* Exercise description
Your answer should be the lines below from the one holding "tsumugisyoukai つむぎ商會 蔵" through the one holding "Петр Анатольевич Елизаров, Шаровая", copied exactly and with nothing else.

* Records provided
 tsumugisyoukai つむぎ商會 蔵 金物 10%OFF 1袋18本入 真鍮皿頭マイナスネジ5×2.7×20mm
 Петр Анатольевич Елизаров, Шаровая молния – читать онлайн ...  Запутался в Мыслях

* * *

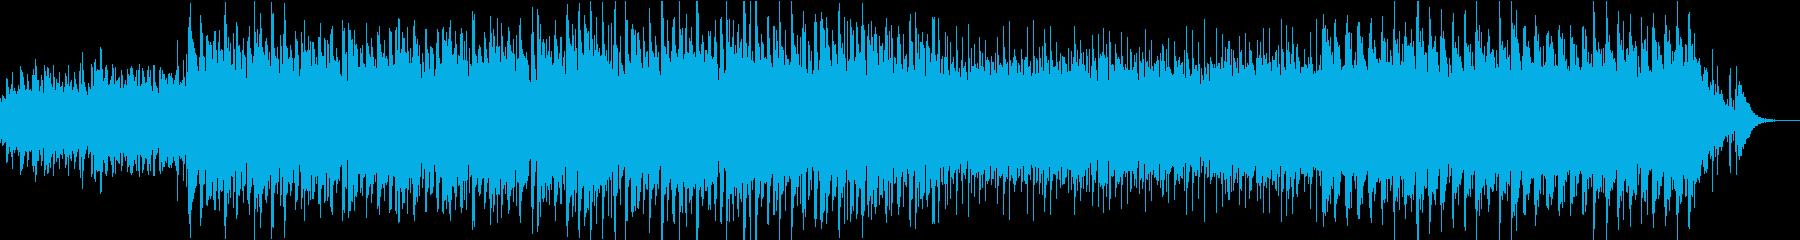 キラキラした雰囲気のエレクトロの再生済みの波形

* The completed task
 tsumugisyoukai つむぎ商會 蔵 金物 10%OFF 1袋18本入 真鍮皿頭マイナスネジ5×2.7×20mm
 Петр Анатольевич Елизаров, Шаровая молния – читать онлайн ...  Запутался в Мыслях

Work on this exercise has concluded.